**Stored data**

- - - - -

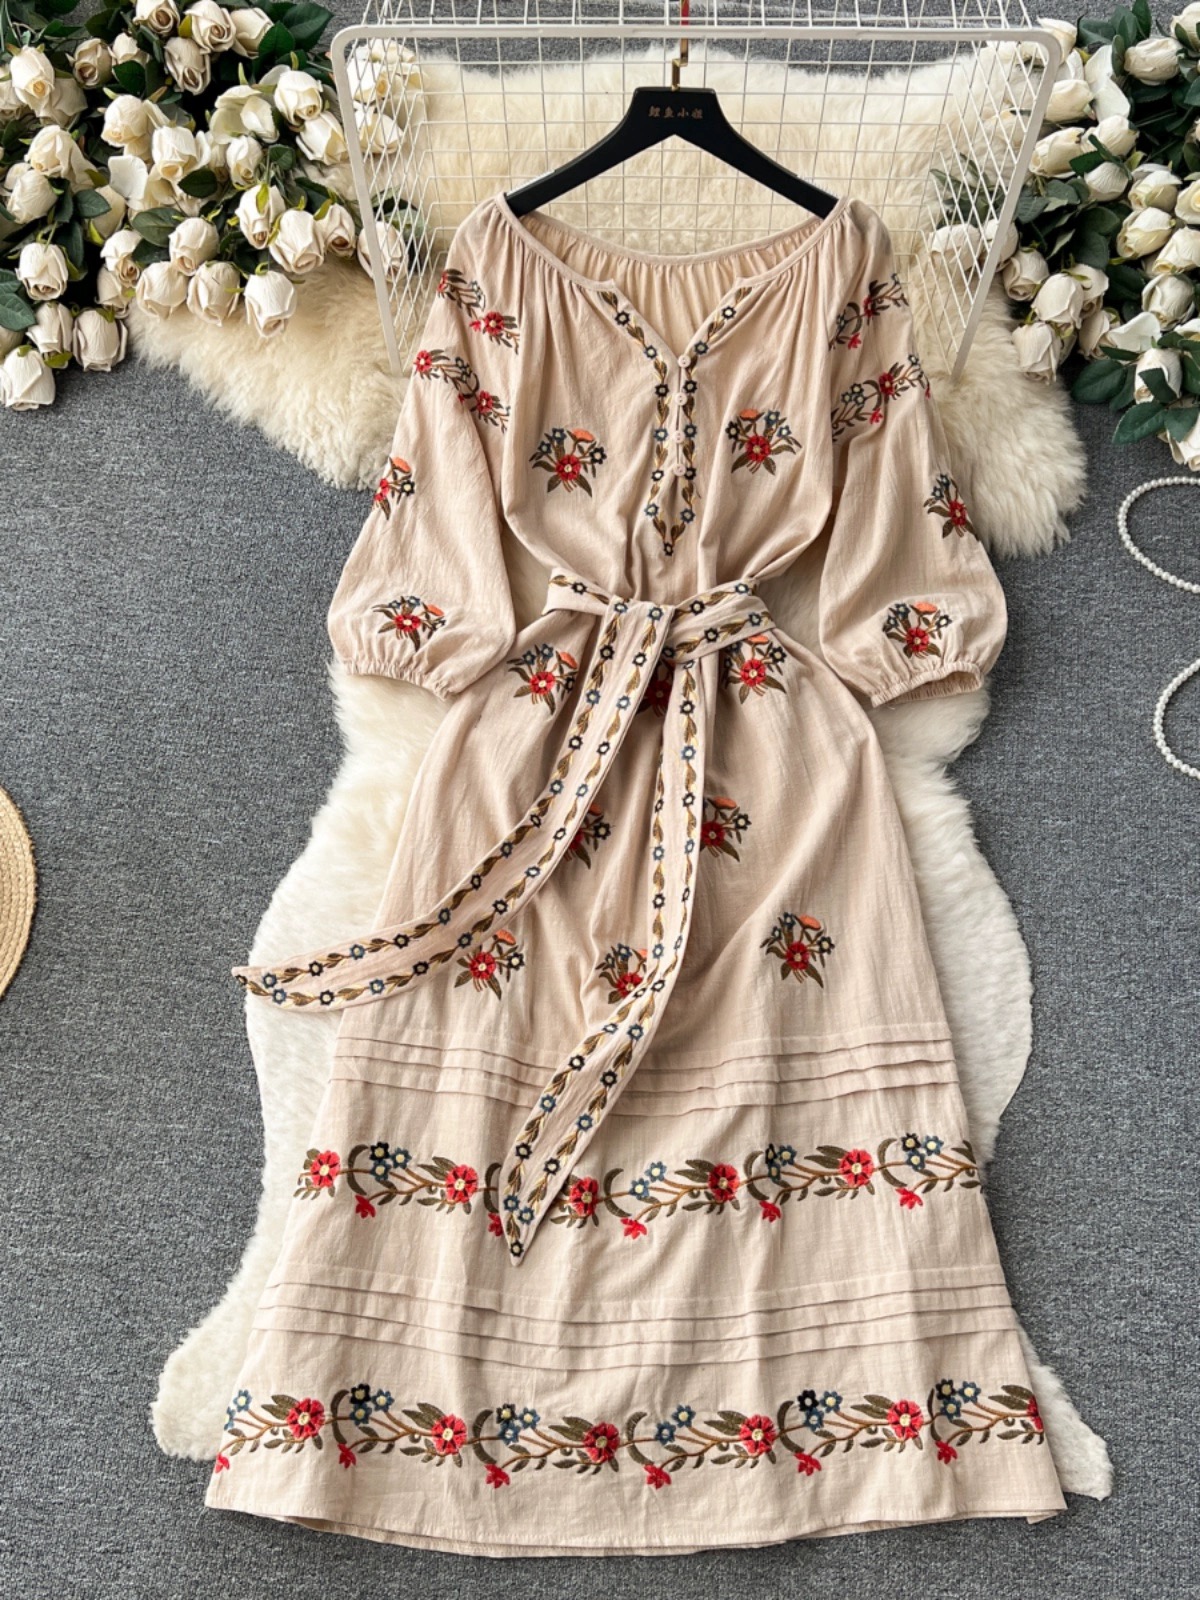 Vintage, Ethnic, Embroidered Puffy Sleeve Dress, Lace-up Waist Slimming Holiday A-line Dress
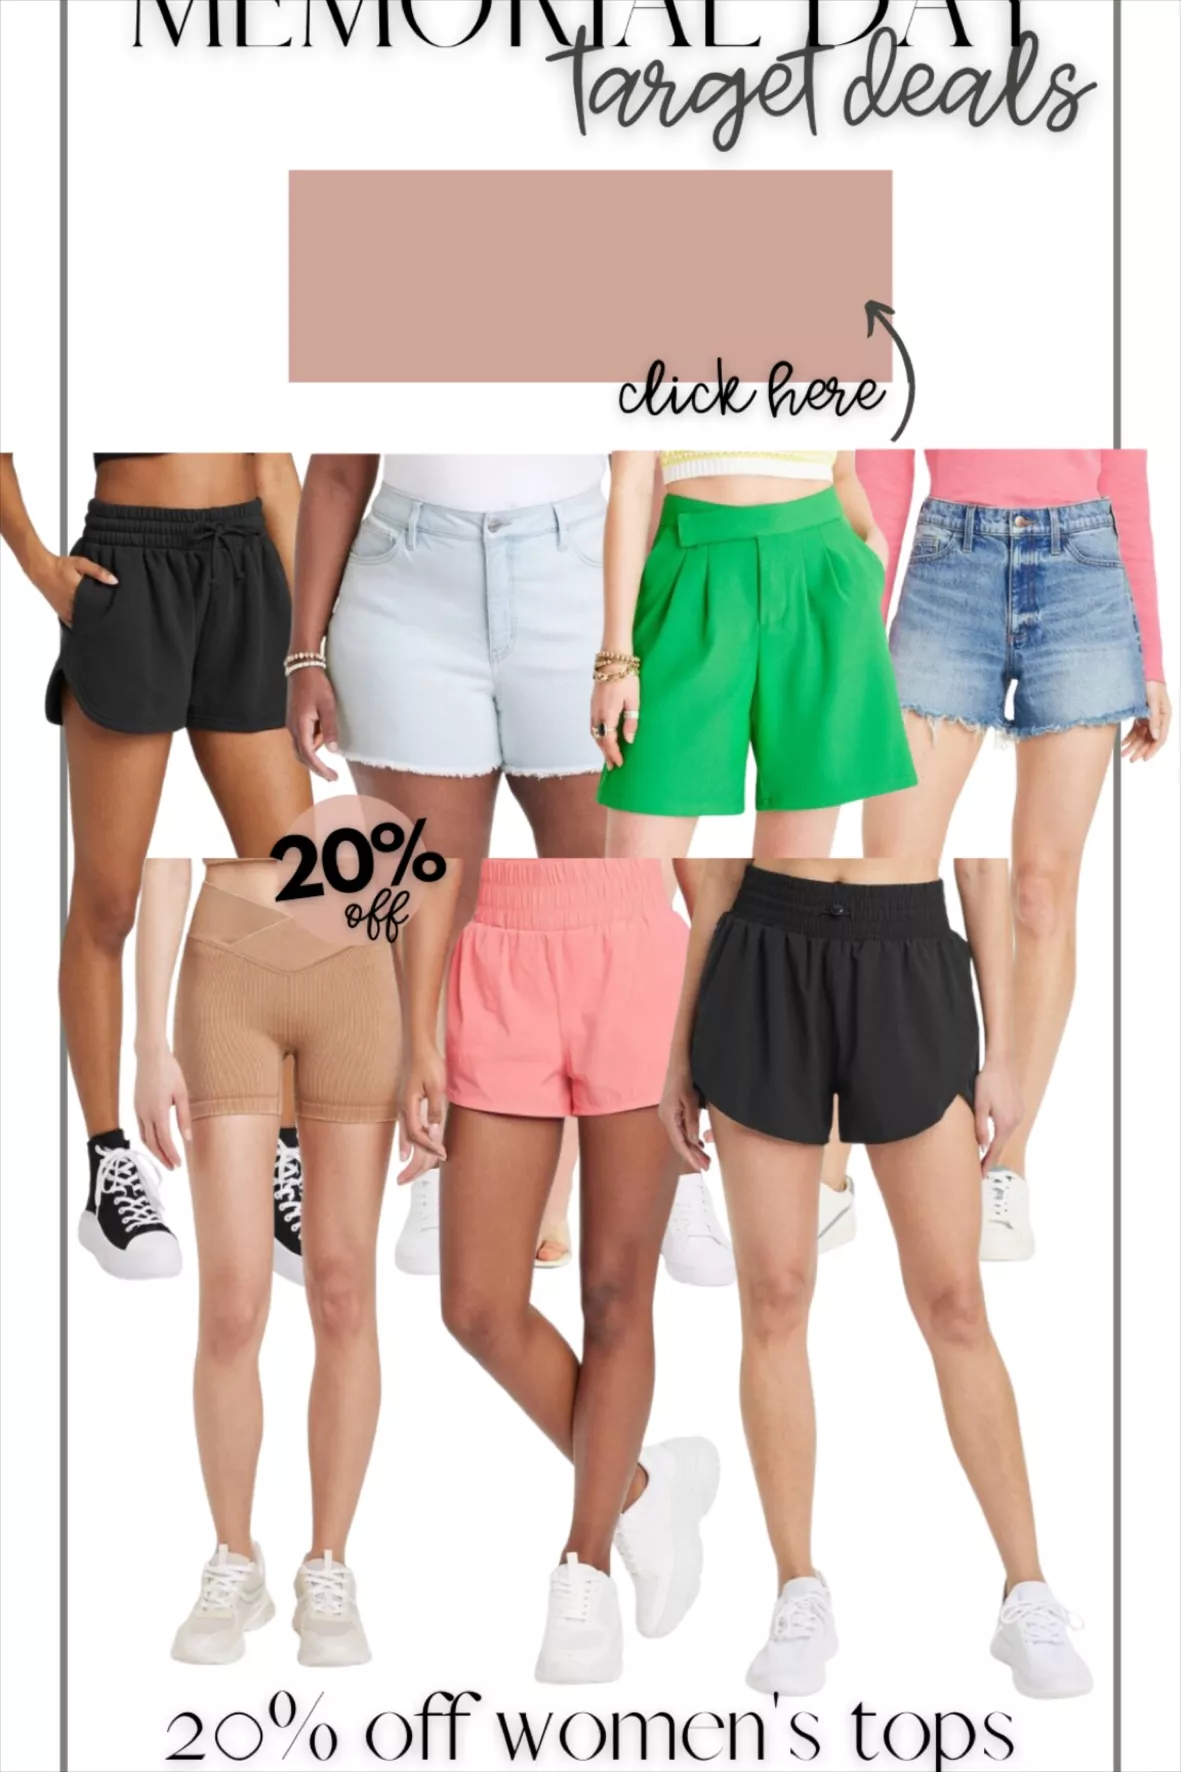 Women's High-Rise Flex Shorts 3 - … curated on LTK
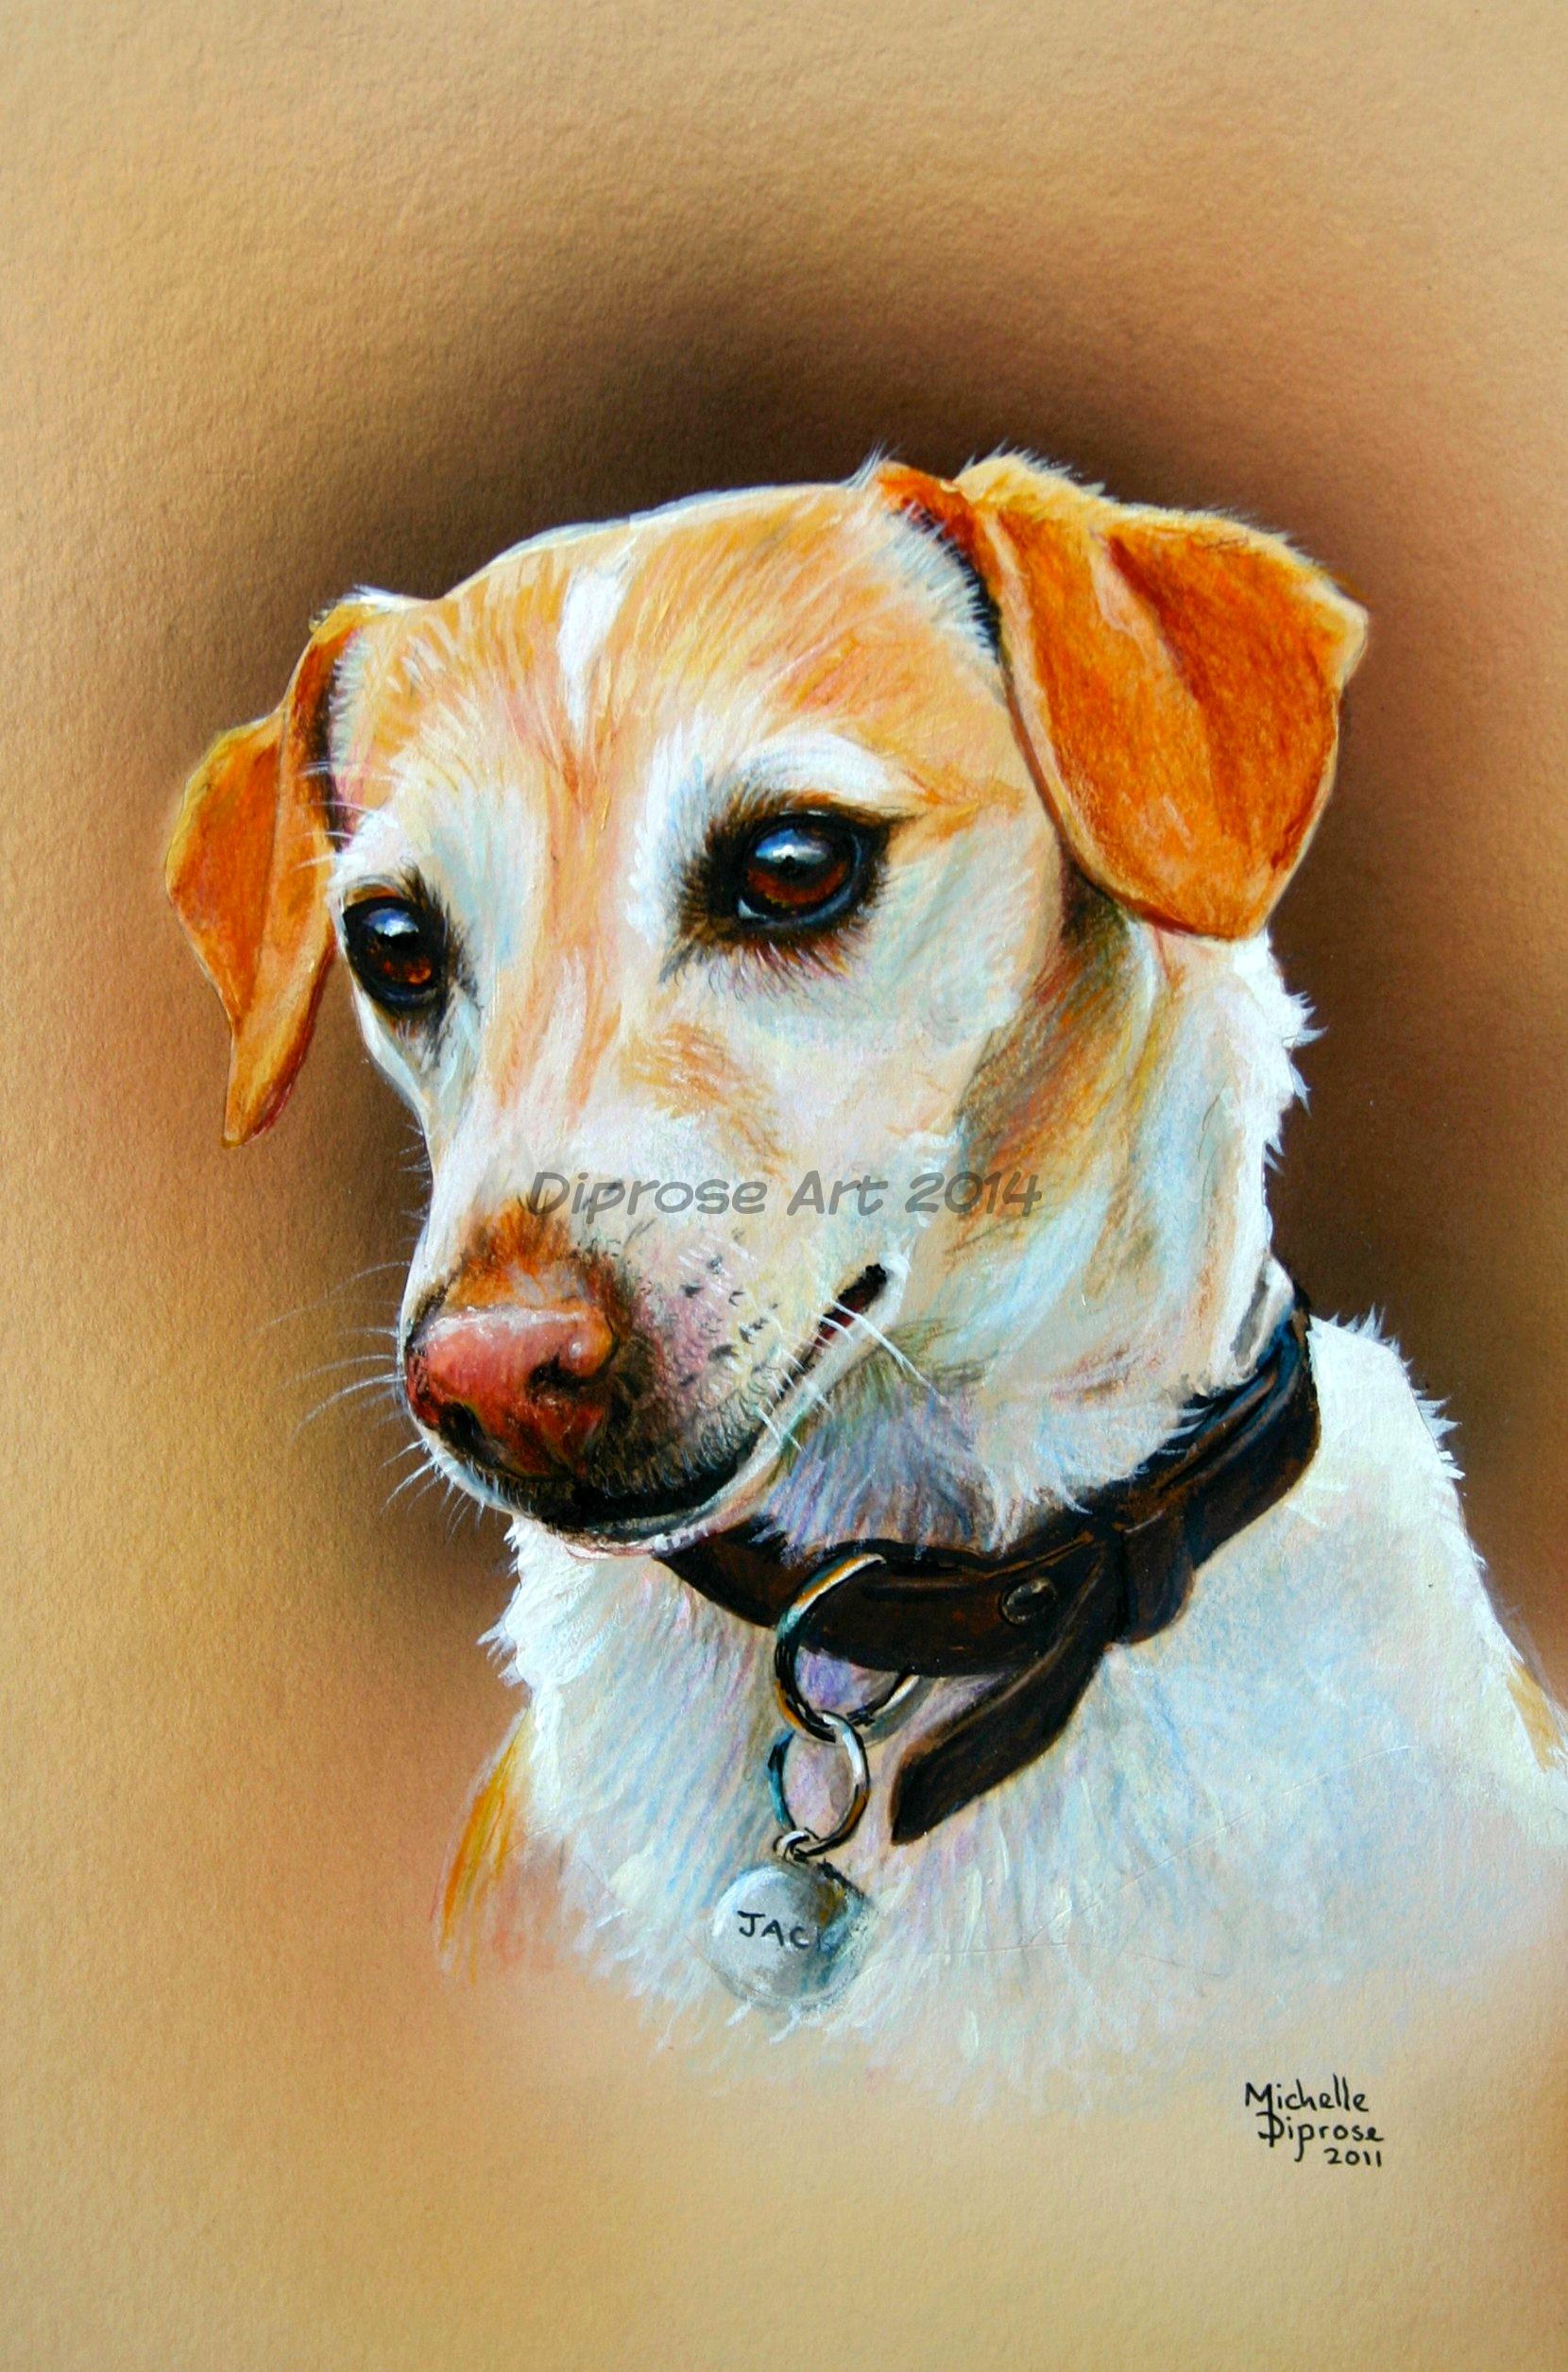 acrylics on board - approx A4 - Jack is a lovely golden Jack Russell terrier and his mum&#039;s special lad

- - - - -

**Work order**
Reproduce the data above word for word and omit the images.

**Reply**
 Vintage, Ethnic, Embroidered Puffy Sleeve Dress, Lace-up Waist Slimming Holiday A-line Dress
 Women's High-Rise Flex Shorts 3 - … curated on LTK
 acrylics on board - approx A4 - Jack is a lovely golden Jack Russell terrier and his mum&#039;s special lad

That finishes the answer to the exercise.